Они взяли немного фруктов у знакомого Норову продавца, который положил Анне в подарок лишнее яблоко и апельсин, затем подошли поздороваться к чете, продававшей ароматизированные масла собственного изготовления. Веселый торговец в кепке, пожимая руку знакомым, прыскал после дезинфицирующим гелем на ладонь им и себе. Так же он поступил и с Норовым.
–Такое правило, ква? – сказал он, подмигивая.– C'est drôle. (Смешно).
* * *
Блошиный рынок начинался с другой стороны стоянки, через дорогу. Народу здесь было даже больше, чем на продовольственном. Продавали все подряд: старую мебель, посуду, предметы домашней утвари, детские игрушки, в том числе и сломанные; пуговицы, нитки, старые журналы и фотографии. Покупали редко, но немало народу бродило по рядам и просто глазело.

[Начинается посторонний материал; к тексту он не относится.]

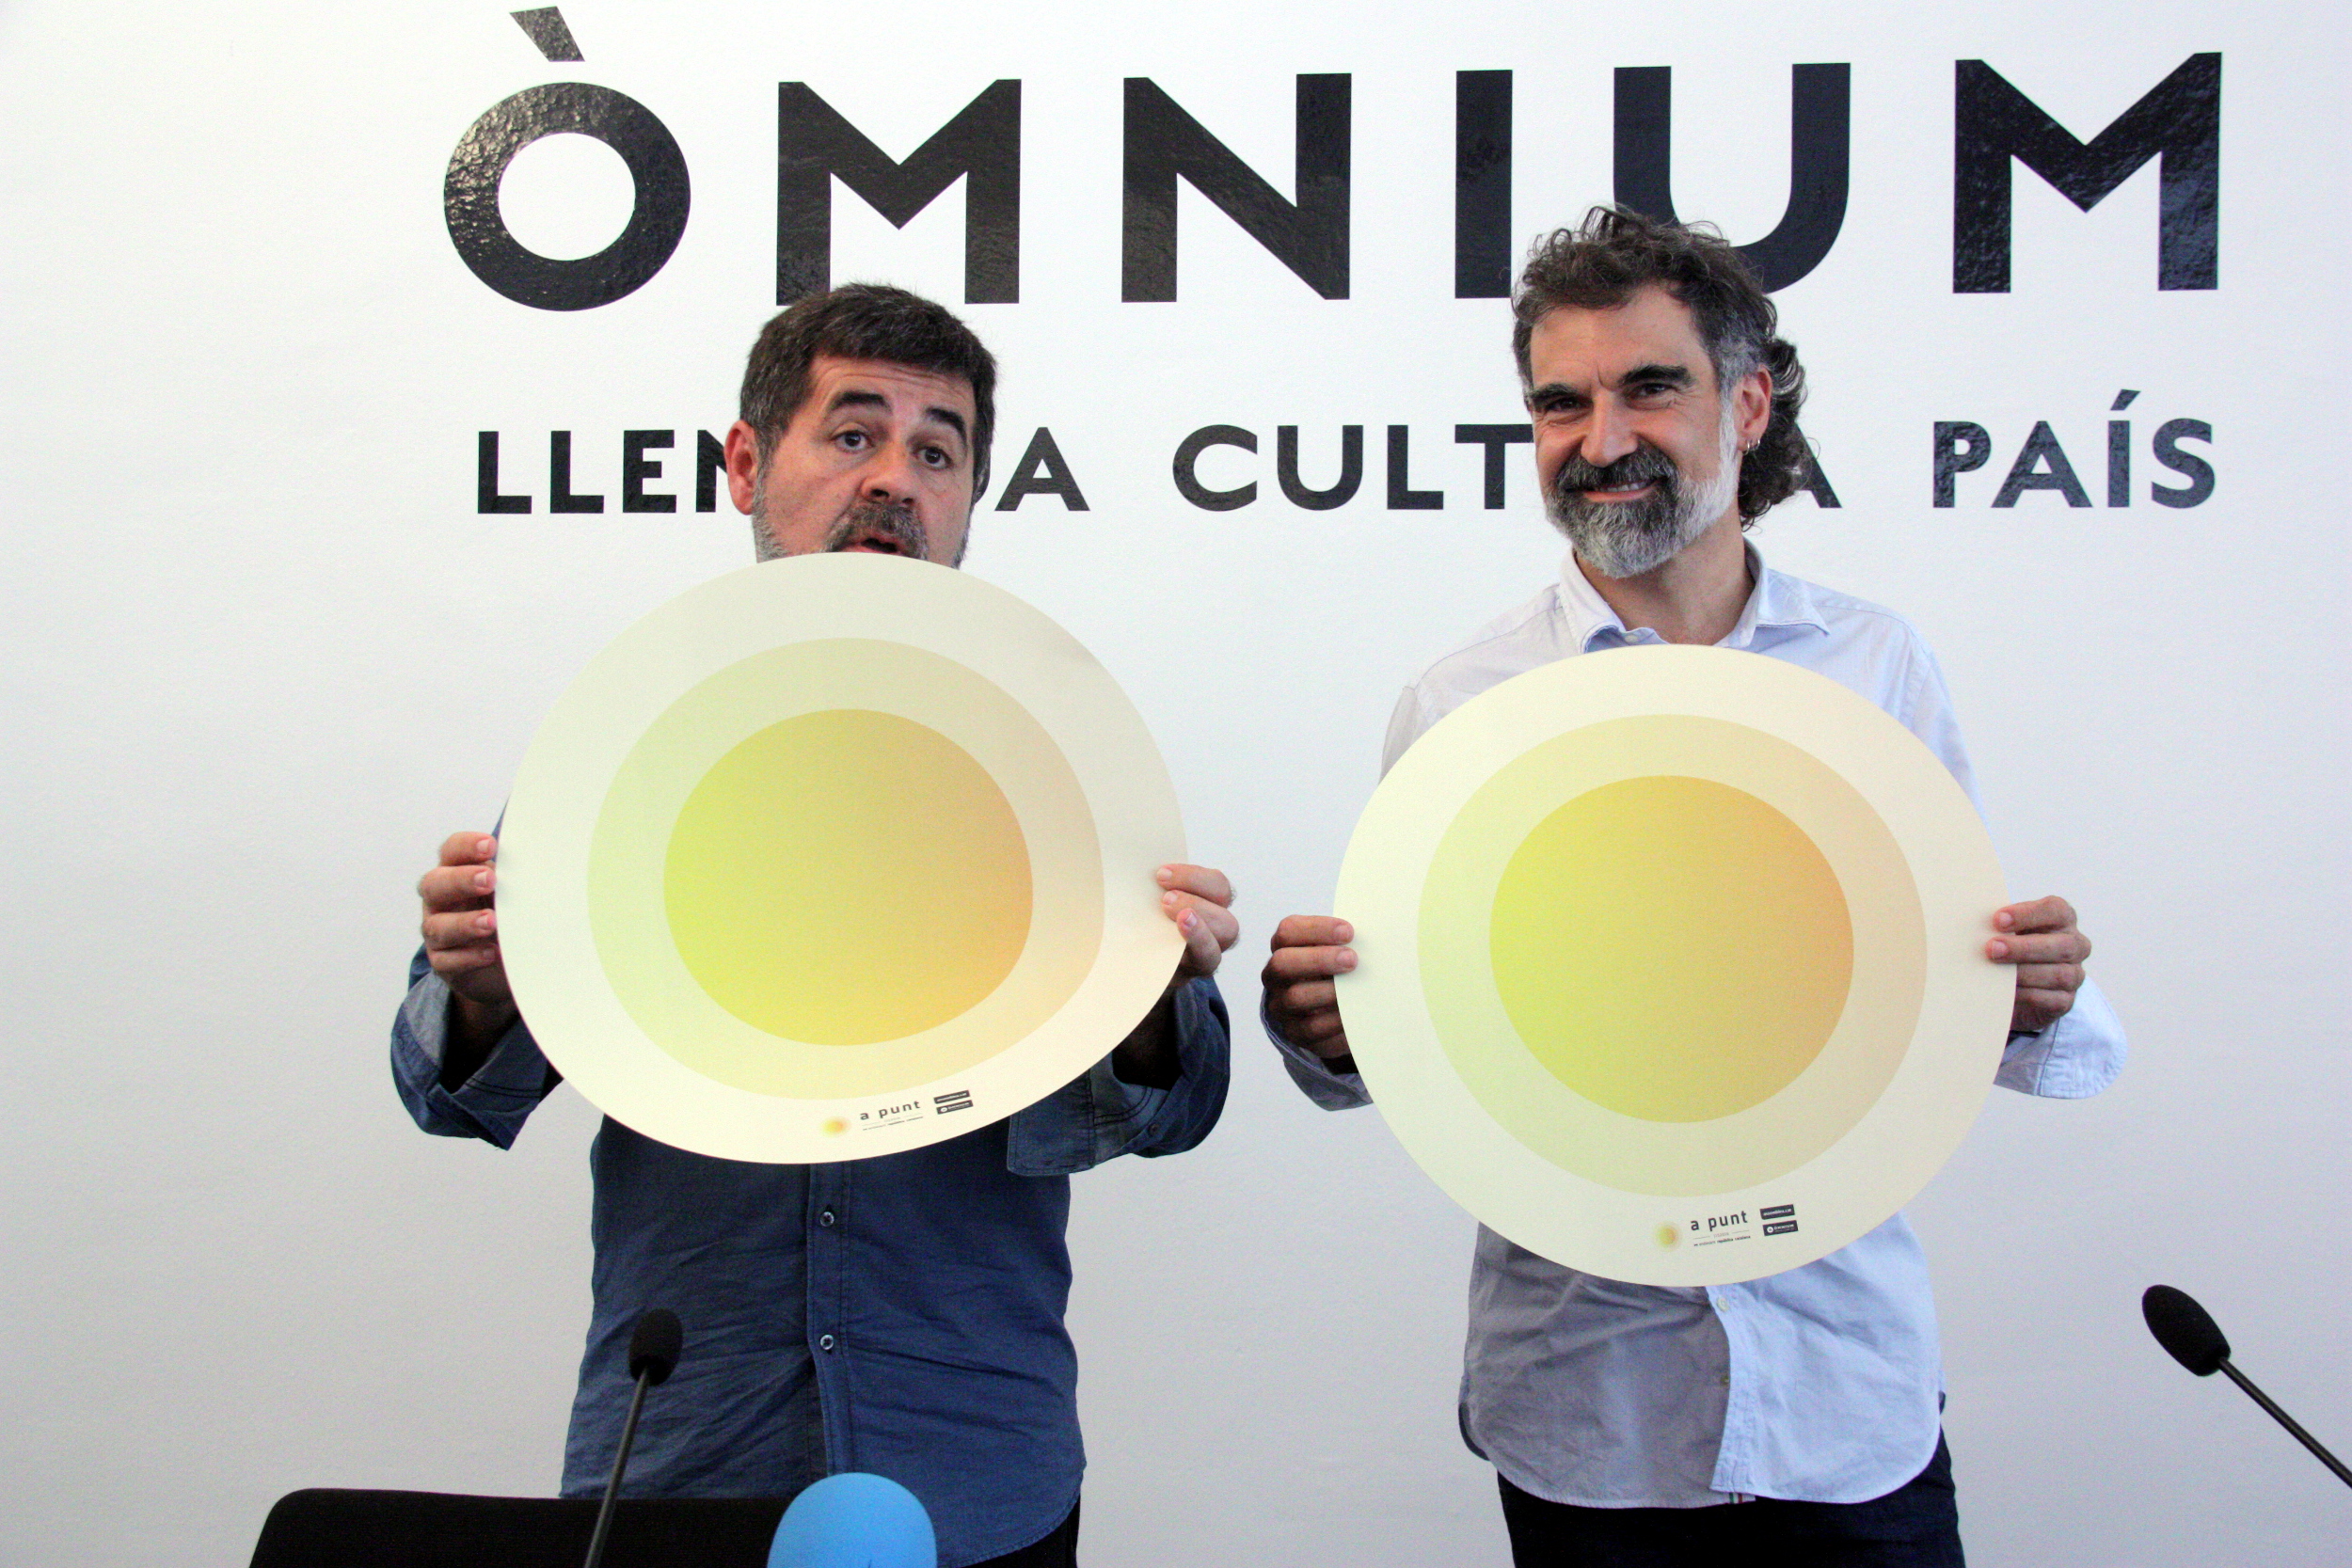 The President of the Catalan National Assembly, Jordi Sànchez, and that of Òmnium Cultural, Jordi Cuixart, representing the two main organisations behind the last massive pro-independence mobilisations on Catalonia's National Day (by ACN)
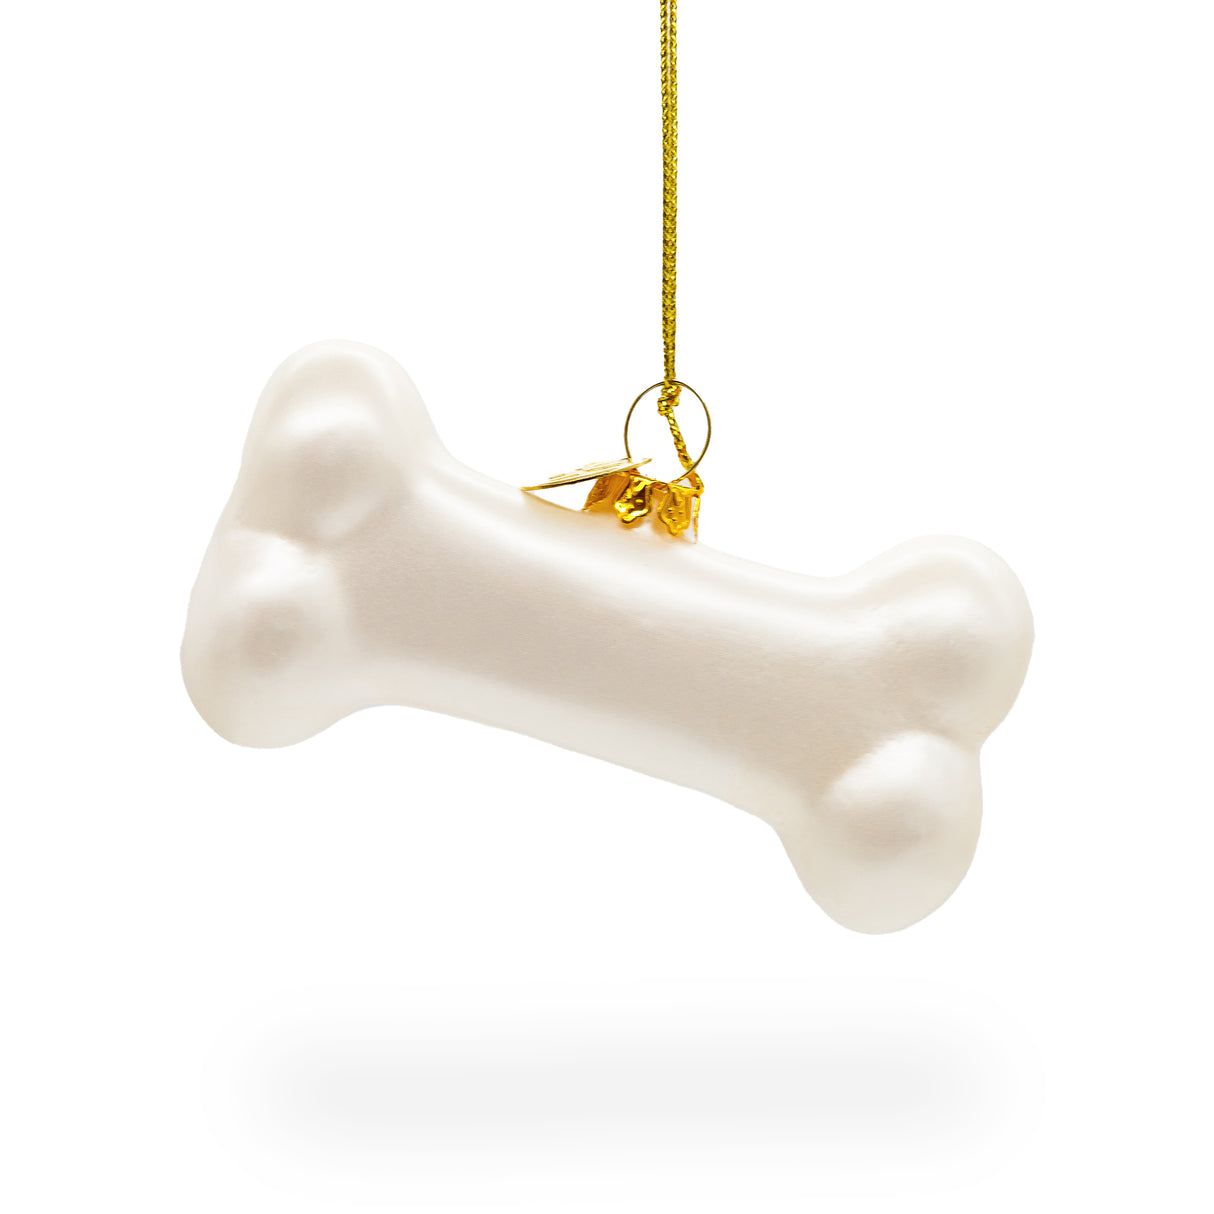 Glass Charming White Dog Bone - Blown Glass Christmas Ornament in White color

Анна остановилась возле женщины, у ног которой на аккуратно расстеленном куске целлофана лежали вперемежку самые разные вещицы. Анна засмотрелась на старое, довольно большое распятие: строгий, простой крест, сантиметров двадцати пяти в высоту, и на нем – изломанная болью худая вытянутая фигура страдающего Спасителя, с упавшей к плечу головой и выступающими ребрами. Крест был из темно-коричневого дерева, а фигура – из черненого металла. Распятие странно смотрелось среди раскрашенных фарфоровых слоников, потускневшей кофейной пары, тощих диванных подушек и прочей ерунды.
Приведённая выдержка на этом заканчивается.